====== Records for the exercise ======
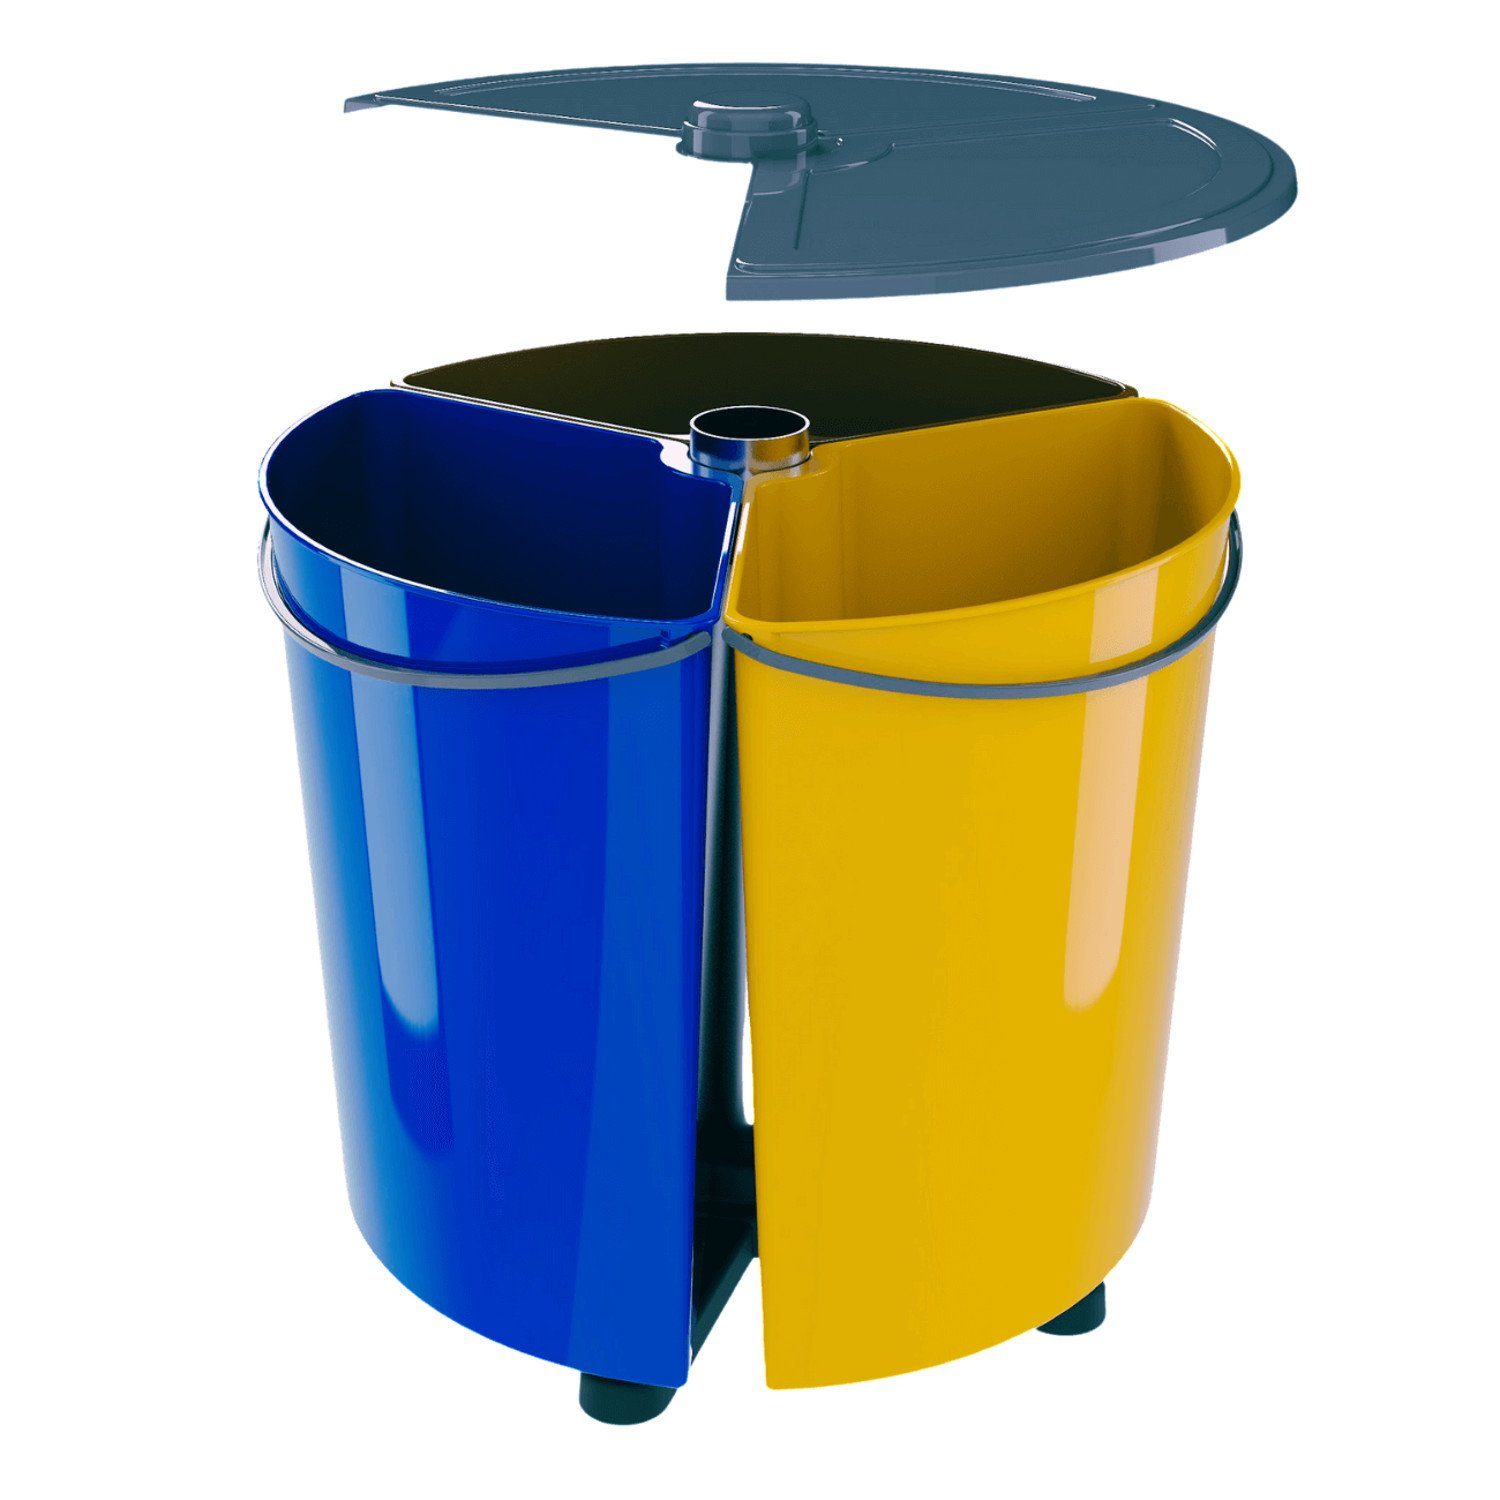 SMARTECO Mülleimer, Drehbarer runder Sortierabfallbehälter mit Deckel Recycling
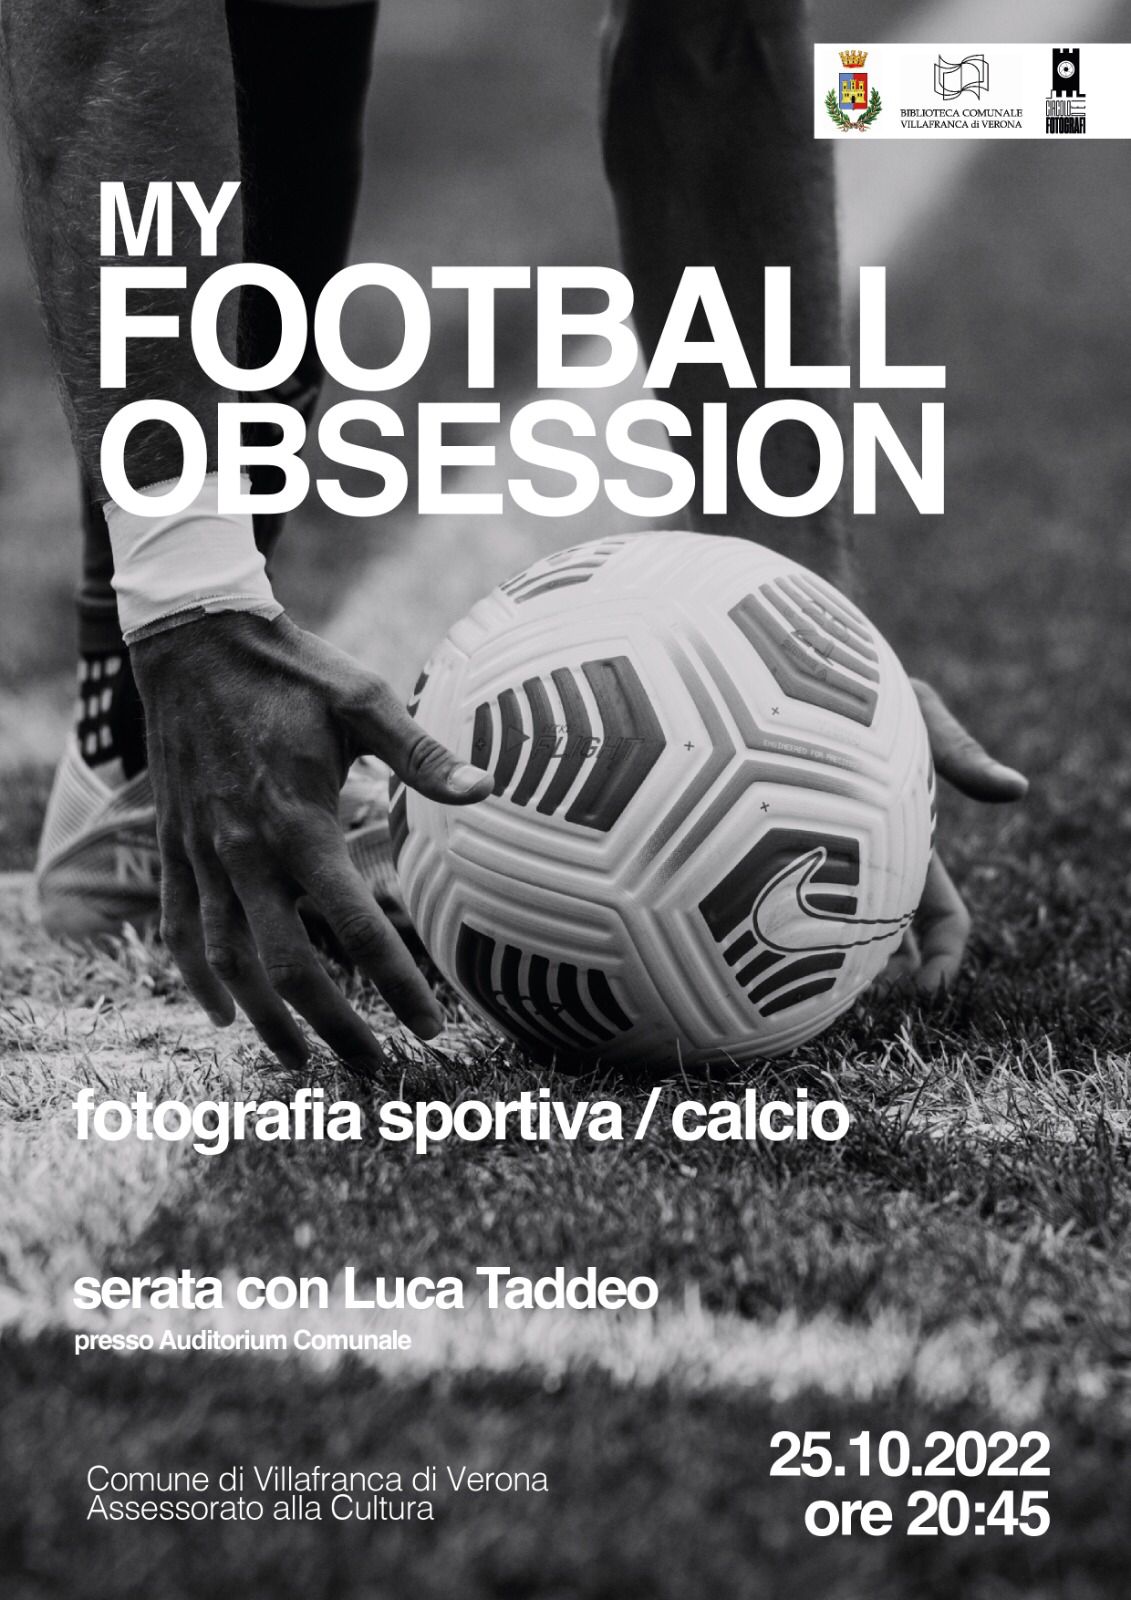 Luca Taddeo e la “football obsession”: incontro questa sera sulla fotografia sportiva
======
====== Records for the exercise ======
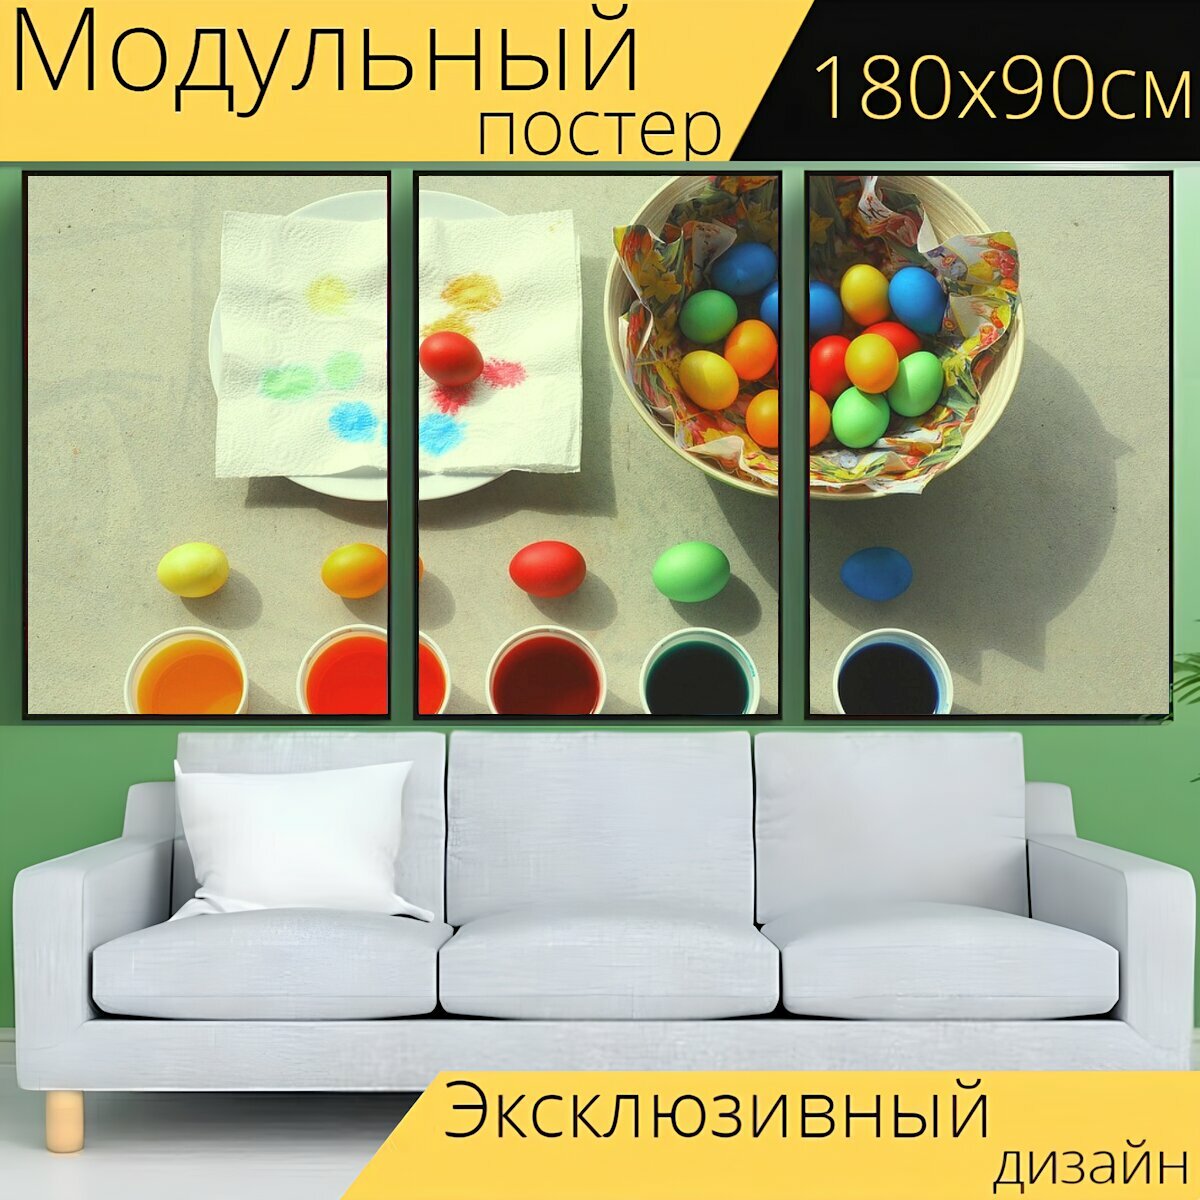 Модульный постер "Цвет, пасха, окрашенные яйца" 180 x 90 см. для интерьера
======
*Your instructions:*
Only one stretch of the data is wanted: write out exactly the lines from the one holding "SMARTECO Mülleimer, Drehbarer" through the one holding "Luca Taddeo e", both included, without the pictures.

*Result for this exercise:*
 SMARTECO Mülleimer, Drehbarer runder Sortierabfallbehälter mit Deckel Recycling
 Luca Taddeo e la “football obsession”: incontro questa sera sulla fotografia sportiva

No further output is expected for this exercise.